Through the insights of F. Macfarlane Burnet, Niels Jerne, and David Talmadge, this hypothesis was restructured into a model that came to be known as the clonal selection theory. This model has been further refined over the years and is now accepted as an underlying paradigm of modern immunology. According to this theory, an individual B or T lymphocyte expresses many copies of a membrane receptor that is specific for a single, distinct antigen. This unique receptor specificity is determined in the lymphocyte before it is exposed to the antigen. Binding of antigen to its specific receptor activates the cell, causing it to proliferate into a clone of daughter cells that have the same receptor specificity as the parent cell.

Overview Figure 1-5 presents a very basic scheme of clonal selection in the humoral (B-cell) and cellular (T-cell) branches of immunity. We now know that B cells produce antibodies, a soluble version of their receptor protein, that bind to foreign proteins, flagging them for destruction. T cells, which come in several different forms, also use their surface-bound T-cell receptors to sense antigen. These cells can perform a range of different functions once selected by antigen encounter, including the secretion of soluble compounds to aid other white blood cells (such as B lymphocytes) and the destruction of infected host cells.

OVERVIEW FIGURE 1-5

An Outline for the Humoral and Cell-Mediated (Cellular) Branches of the Immune System

The humoral response involves interaction of B cells with foreign proteins, called antigens, and their differentiation into antibody-secreting cells. The secreted antibody binds to foreign proteins or infectious agents, helping to clear them from the body. The cell-mediated response involves various subpopulations of T lymphocytes, which can perform many functions, including the secretion of soluble messengers that help direct other cells of the immune system and direct killing of infected cells.

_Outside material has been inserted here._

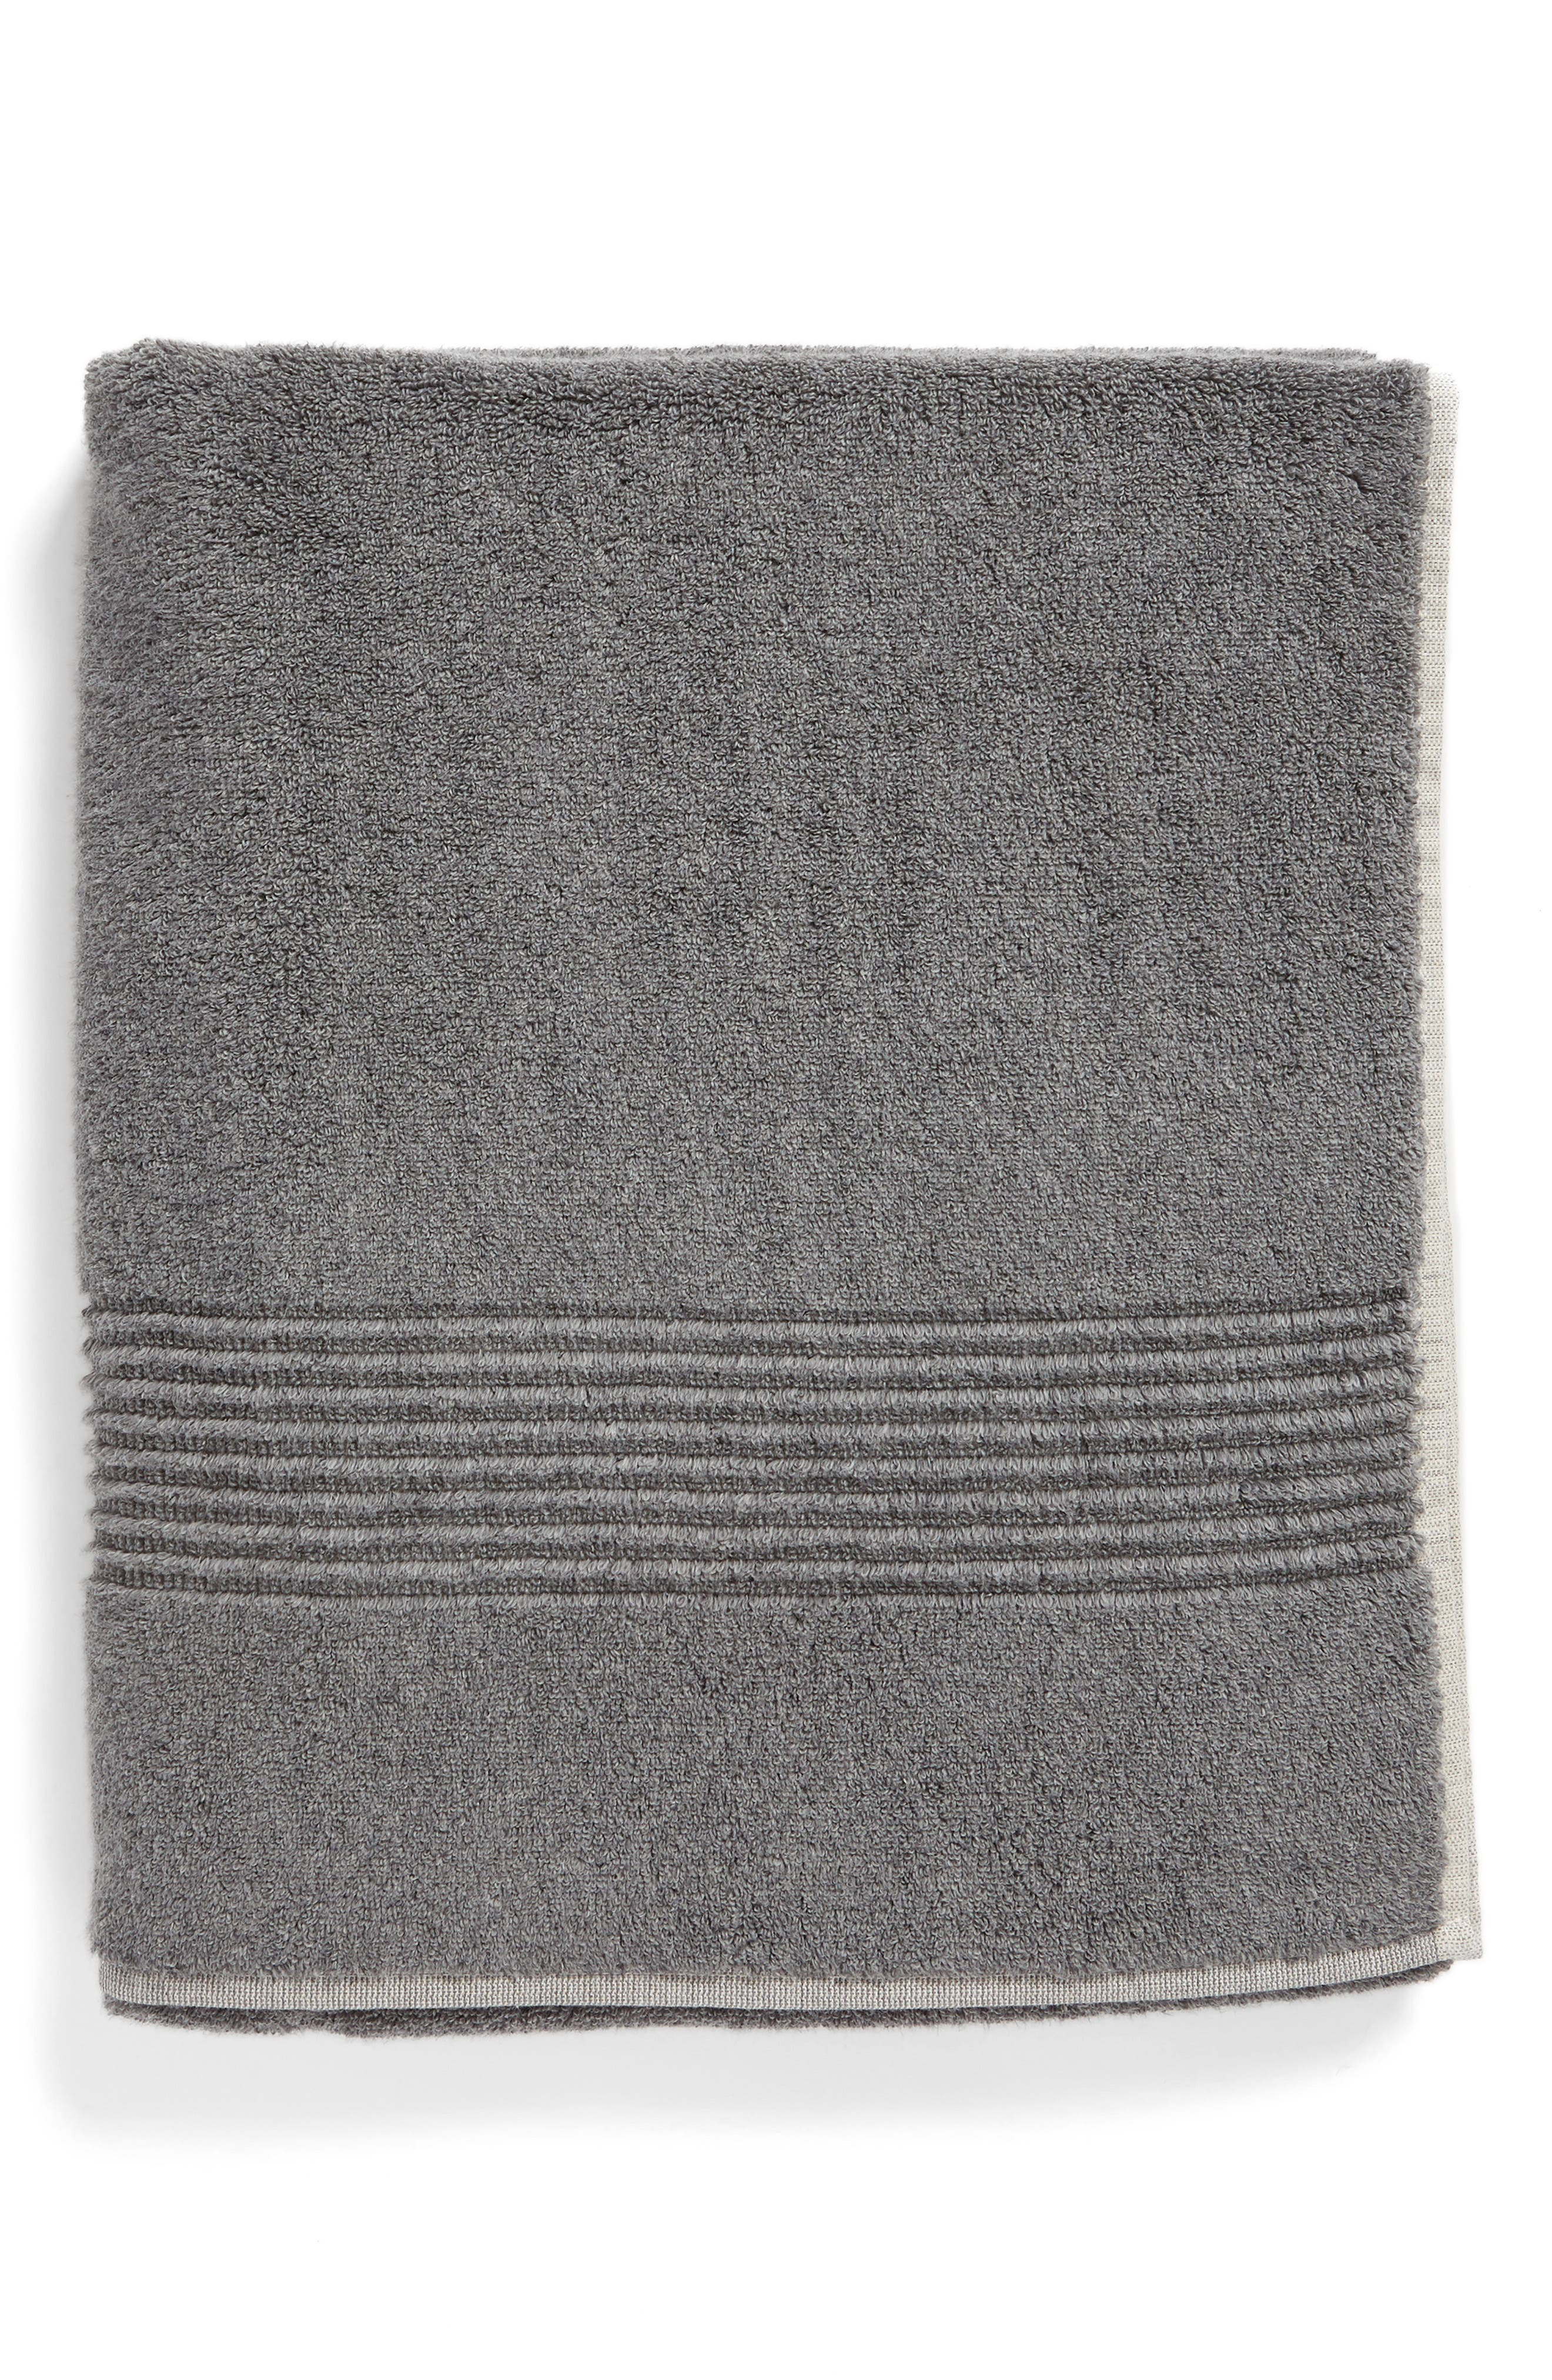 Organic Hydrocotton Bath Towel,                         Main,                         color, GREY PEARL

Foreign proteins or infectious agents are injected into a vertebrate body (mouse). The two different types of responses - Humoral response (B lymphocytes) and Cell-mediated response (T lymphocytes) are depicted. The process of Humoral response shows B cell with B-cell receptors and antigens forming Antigen-selected antibody secreting B cell. This process also requires Cytokine secreted by T cells. This cell produces antibodies that eliminate the antigens.

In cell-mediated response, two kinds of responses are seen. In the first response process, T cell with receptors and antigen form Antigen selected T cells that secrete Cytokine. In the other response process, T cells with receptors, antigens, and cytokine secreted by T cells form Antigen selected T cells that kill the infected cells.

Key Concepts:

• Antigen-specific immunity relies on surface molecules, called B- and T-cell receptors, unique to each individual lymphocyte. These receptors bind to a specific pathogenic structure called an antigen.
• Clonal selection is the process by which individual T and B lymphocytes are engaged by antigen and cloned to create a population of antigen-reactive cells with identical antigen specificity.